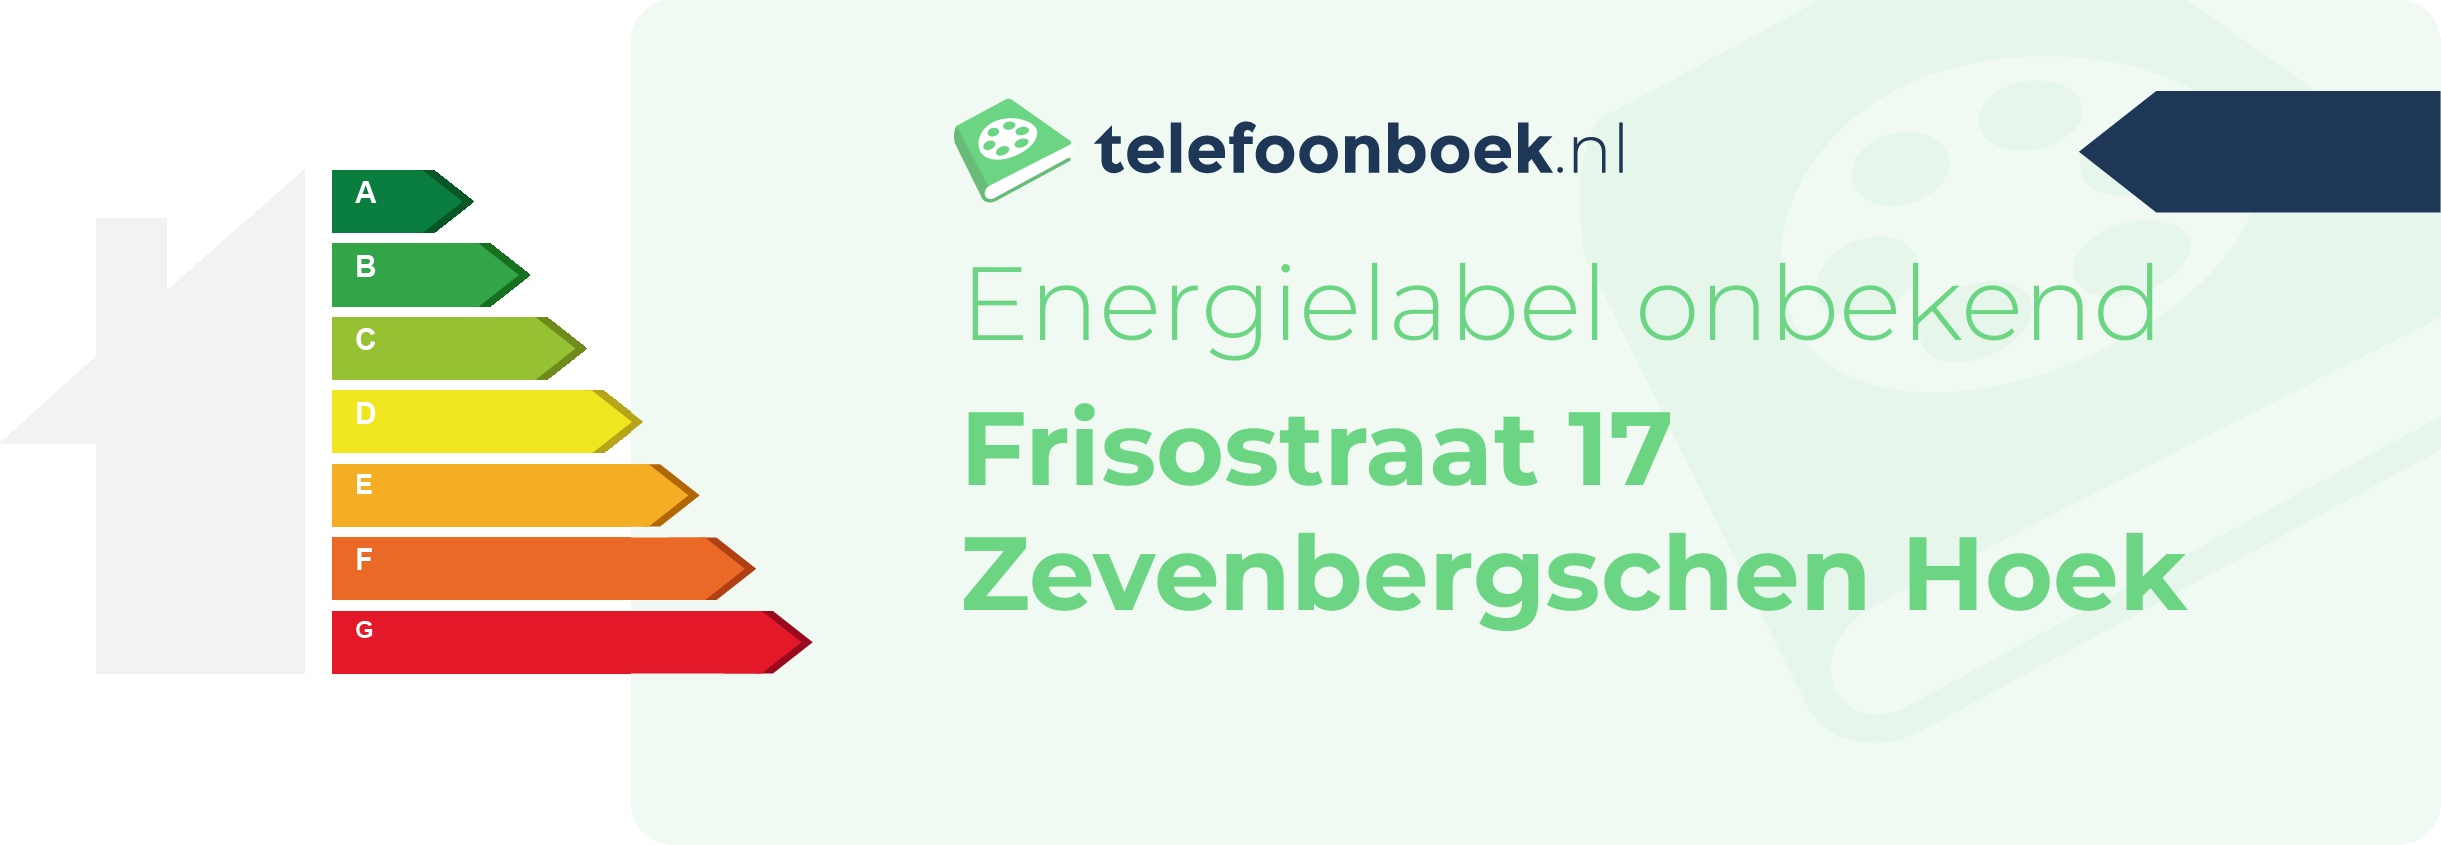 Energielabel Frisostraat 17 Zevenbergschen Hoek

==

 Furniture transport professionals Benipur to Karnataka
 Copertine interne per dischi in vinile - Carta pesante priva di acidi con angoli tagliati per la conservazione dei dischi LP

---

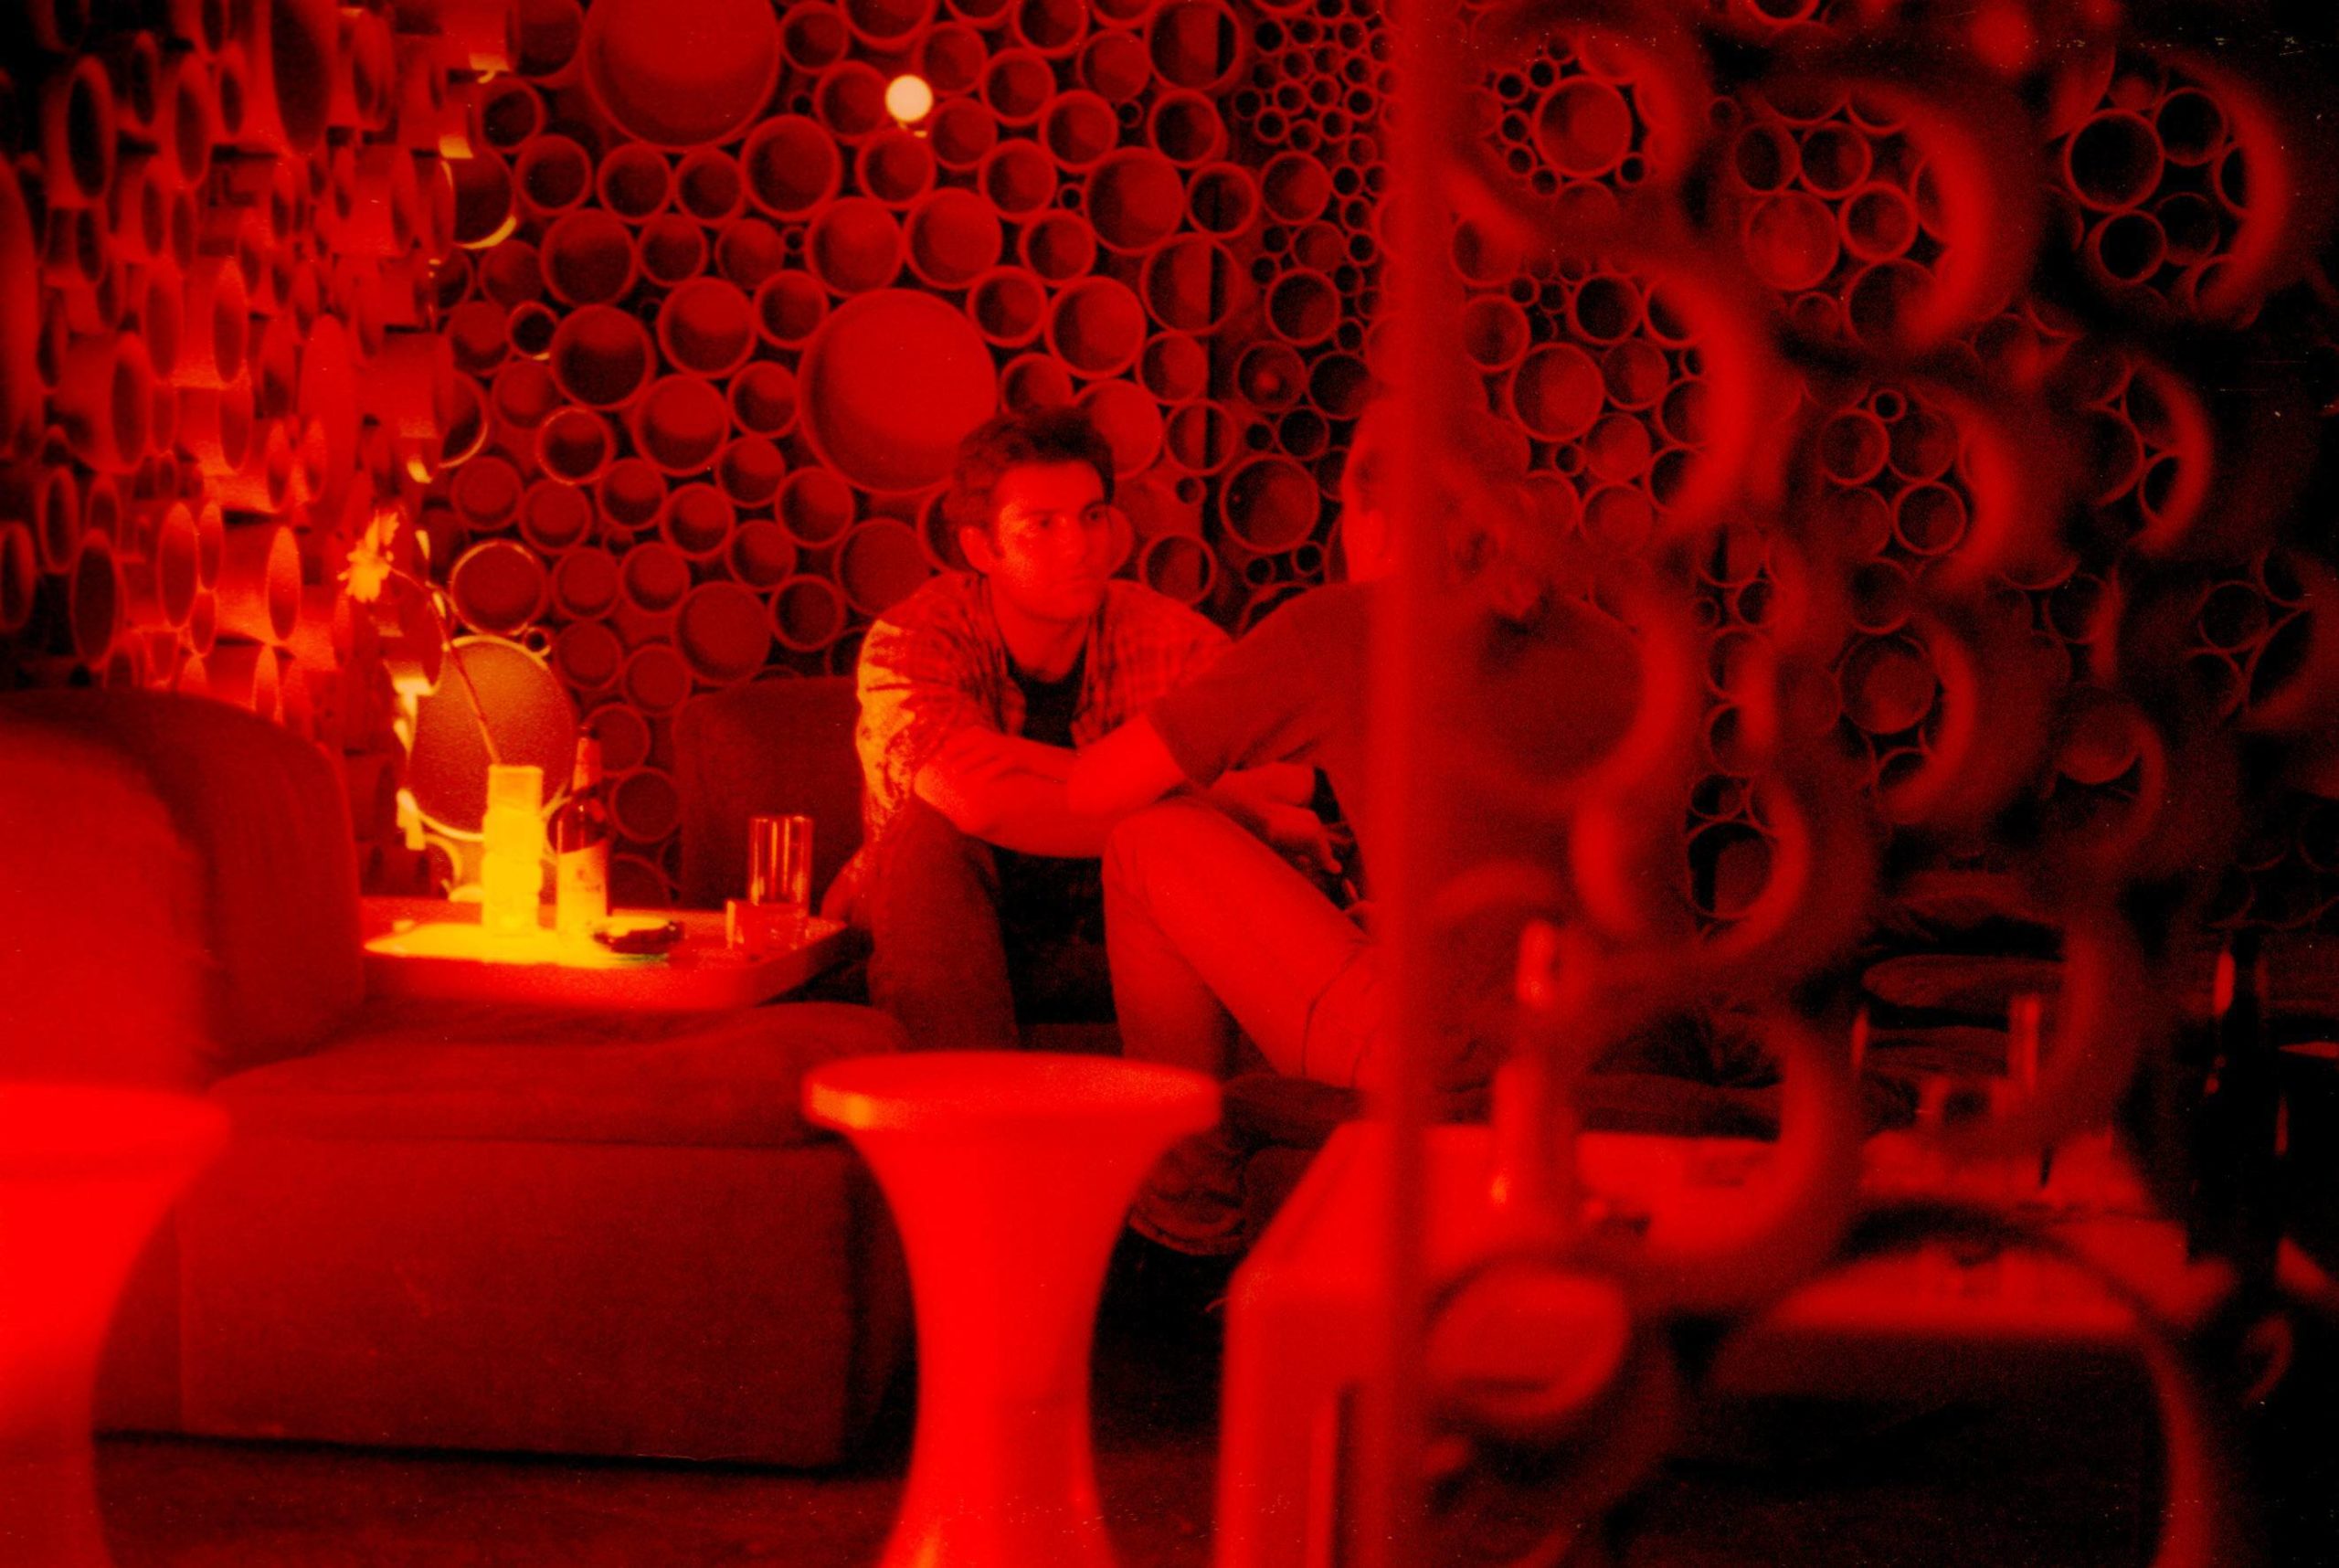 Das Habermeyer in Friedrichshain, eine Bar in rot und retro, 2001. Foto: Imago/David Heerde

* EXERCISE PROMPT
Your task is to restate, word for word, only those lines above that fall between the line holding "Furniture transport professionals" and the line holding "Copertine interne per", inclusive.

* WRITTEN RESPONSE
 Furniture transport professionals Benipur to Karnataka
 Copertine interne per dischi in vinile - Carta pesante priva di acidi con angoli tagliati per la conservazione dei dischi LP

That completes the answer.